Data listing:
□ □ □ □

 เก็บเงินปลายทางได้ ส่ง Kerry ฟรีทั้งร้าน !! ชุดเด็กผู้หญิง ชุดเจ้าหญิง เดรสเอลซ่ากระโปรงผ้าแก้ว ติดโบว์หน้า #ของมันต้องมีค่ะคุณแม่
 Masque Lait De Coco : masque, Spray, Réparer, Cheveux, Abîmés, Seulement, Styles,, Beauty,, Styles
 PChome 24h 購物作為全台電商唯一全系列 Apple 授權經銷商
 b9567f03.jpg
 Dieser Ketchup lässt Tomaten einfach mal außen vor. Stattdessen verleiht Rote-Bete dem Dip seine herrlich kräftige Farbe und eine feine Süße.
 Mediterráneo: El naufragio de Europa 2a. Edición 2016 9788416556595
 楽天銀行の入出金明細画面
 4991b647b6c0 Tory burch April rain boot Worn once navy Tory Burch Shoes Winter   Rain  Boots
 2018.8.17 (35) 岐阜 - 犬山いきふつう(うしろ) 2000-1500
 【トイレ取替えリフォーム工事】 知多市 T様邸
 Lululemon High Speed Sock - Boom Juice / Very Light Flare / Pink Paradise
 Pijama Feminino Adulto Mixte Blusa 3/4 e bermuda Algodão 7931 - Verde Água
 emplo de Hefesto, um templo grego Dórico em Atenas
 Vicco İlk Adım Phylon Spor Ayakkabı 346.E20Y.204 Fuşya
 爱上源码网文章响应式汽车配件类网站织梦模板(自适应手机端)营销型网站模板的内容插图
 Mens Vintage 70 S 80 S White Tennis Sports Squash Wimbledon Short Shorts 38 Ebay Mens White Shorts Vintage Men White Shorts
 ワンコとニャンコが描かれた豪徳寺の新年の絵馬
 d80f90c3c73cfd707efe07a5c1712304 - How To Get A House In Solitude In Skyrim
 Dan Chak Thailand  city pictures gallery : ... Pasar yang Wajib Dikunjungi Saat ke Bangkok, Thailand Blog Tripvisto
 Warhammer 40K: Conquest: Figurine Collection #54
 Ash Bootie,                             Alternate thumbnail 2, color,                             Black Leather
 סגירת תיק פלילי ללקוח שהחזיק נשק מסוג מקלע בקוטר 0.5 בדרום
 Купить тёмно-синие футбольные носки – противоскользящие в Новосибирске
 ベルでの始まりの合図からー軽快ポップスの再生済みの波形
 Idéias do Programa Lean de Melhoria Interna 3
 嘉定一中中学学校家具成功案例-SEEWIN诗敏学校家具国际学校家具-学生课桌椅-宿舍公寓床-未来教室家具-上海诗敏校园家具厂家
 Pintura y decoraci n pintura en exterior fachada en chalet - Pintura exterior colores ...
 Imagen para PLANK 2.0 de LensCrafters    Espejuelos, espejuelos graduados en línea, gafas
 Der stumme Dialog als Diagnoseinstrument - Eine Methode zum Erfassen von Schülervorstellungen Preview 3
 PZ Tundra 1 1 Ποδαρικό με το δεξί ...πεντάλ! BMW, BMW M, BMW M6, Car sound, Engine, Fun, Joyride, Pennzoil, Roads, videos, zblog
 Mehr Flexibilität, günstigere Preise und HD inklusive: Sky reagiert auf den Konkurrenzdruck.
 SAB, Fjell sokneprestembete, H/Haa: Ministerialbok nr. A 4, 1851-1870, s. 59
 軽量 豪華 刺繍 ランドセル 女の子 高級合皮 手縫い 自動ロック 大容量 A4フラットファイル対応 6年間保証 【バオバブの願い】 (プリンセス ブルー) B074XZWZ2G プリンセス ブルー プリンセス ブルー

□ □ □ □

Exercise:
Your task is to repeat every entry exactly.

Exercise answer:
 เก็บเงินปลายทางได้ ส่ง Kerry ฟรีทั้งร้าน !! ชุดเด็กผู้หญิง ชุดเจ้าหญิง เดรสเอลซ่ากระโปรงผ้าแก้ว ติดโบว์หน้า #ของมันต้องมีค่ะคุณแม่
 Masque Lait De Coco : masque, Spray, Réparer, Cheveux, Abîmés, Seulement, Styles,, Beauty,, Styles
 PChome 24h 購物作為全台電商唯一全系列 Apple 授權經銷商
 b9567f03.jpg
 Dieser Ketchup lässt Tomaten einfach mal außen vor. Stattdessen verleiht Rote-Bete dem Dip seine herrlich kräftige Farbe und eine feine Süße.
 Mediterráneo: El naufragio de Europa 2a. Edición 2016 9788416556595
 楽天銀行の入出金明細画面
 4991b647b6c0 Tory burch April rain boot Worn once navy Tory Burch Shoes Winter   Rain  Boots
 2018.8.17 (35) 岐阜 - 犬山いきふつう(うしろ) 2000-1500
 【トイレ取替えリフォーム工事】 知多市 T様邸
 Lululemon High Speed Sock - Boom Juice / Very Light Flare / Pink Paradise
 Pijama Feminino Adulto Mixte Blusa 3/4 e bermuda Algodão 7931 - Verde Água
 emplo de Hefesto, um templo grego Dórico em Atenas
 Vicco İlk Adım Phylon Spor Ayakkabı 346.E20Y.204 Fuşya
 爱上源码网文章响应式汽车配件类网站织梦模板(自适应手机端)营销型网站模板的内容插图
 Mens Vintage 70 S 80 S White Tennis Sports Squash Wimbledon Short Shorts 38 Ebay Mens White Shorts Vintage Men White Shorts
 ワンコとニャンコが描かれた豪徳寺の新年の絵馬
 d80f90c3c73cfd707efe07a5c1712304 - How To Get A House In Solitude In Skyrim
 Dan Chak Thailand  city pictures gallery : ... Pasar yang Wajib Dikunjungi Saat ke Bangkok, Thailand Blog Tripvisto
 Warhammer 40K: Conquest: Figurine Collection #54
 Ash Bootie,                             Alternate thumbnail 2, color,                             Black Leather
 סגירת תיק פלילי ללקוח שהחזיק נשק מסוג מקלע בקוטר 0.5 בדרום
 Купить тёмно-синие футбольные носки – противоскользящие в Новосибирске
 ベルでの始まりの合図からー軽快ポップスの再生済みの波形
 Idéias do Programa Lean de Melhoria Interna 3
 嘉定一中中学学校家具成功案例-SEEWIN诗敏学校家具国际学校家具-学生课桌椅-宿舍公寓床-未来教室家具-上海诗敏校园家具厂家
 Pintura y decoraci n pintura en exterior fachada en chalet - Pintura exterior colores ...
 Imagen para PLANK 2.0 de LensCrafters    Espejuelos, espejuelos graduados en línea, gafas
 Der stumme Dialog als Diagnoseinstrument - Eine Methode zum Erfassen von Schülervorstellungen Preview 3
 PZ Tundra 1 1 Ποδαρικό με το δεξί ...πεντάλ! BMW, BMW M, BMW M6, Car sound, Engine, Fun, Joyride, Pennzoil, Roads, videos, zblog
 Mehr Flexibilität, günstigere Preise und HD inklusive: Sky reagiert auf den Konkurrenzdruck.
 SAB, Fjell sokneprestembete, H/Haa: Ministerialbok nr. A 4, 1851-1870, s. 59
 軽量 豪華 刺繍 ランドセル 女の子 高級合皮 手縫い 自動ロック 大容量 A4フラットファイル対応 6年間保証 【バオバブの願い】 (プリンセス ブルー) B074XZWZ2G プリンセス ブルー プリンセス ブルー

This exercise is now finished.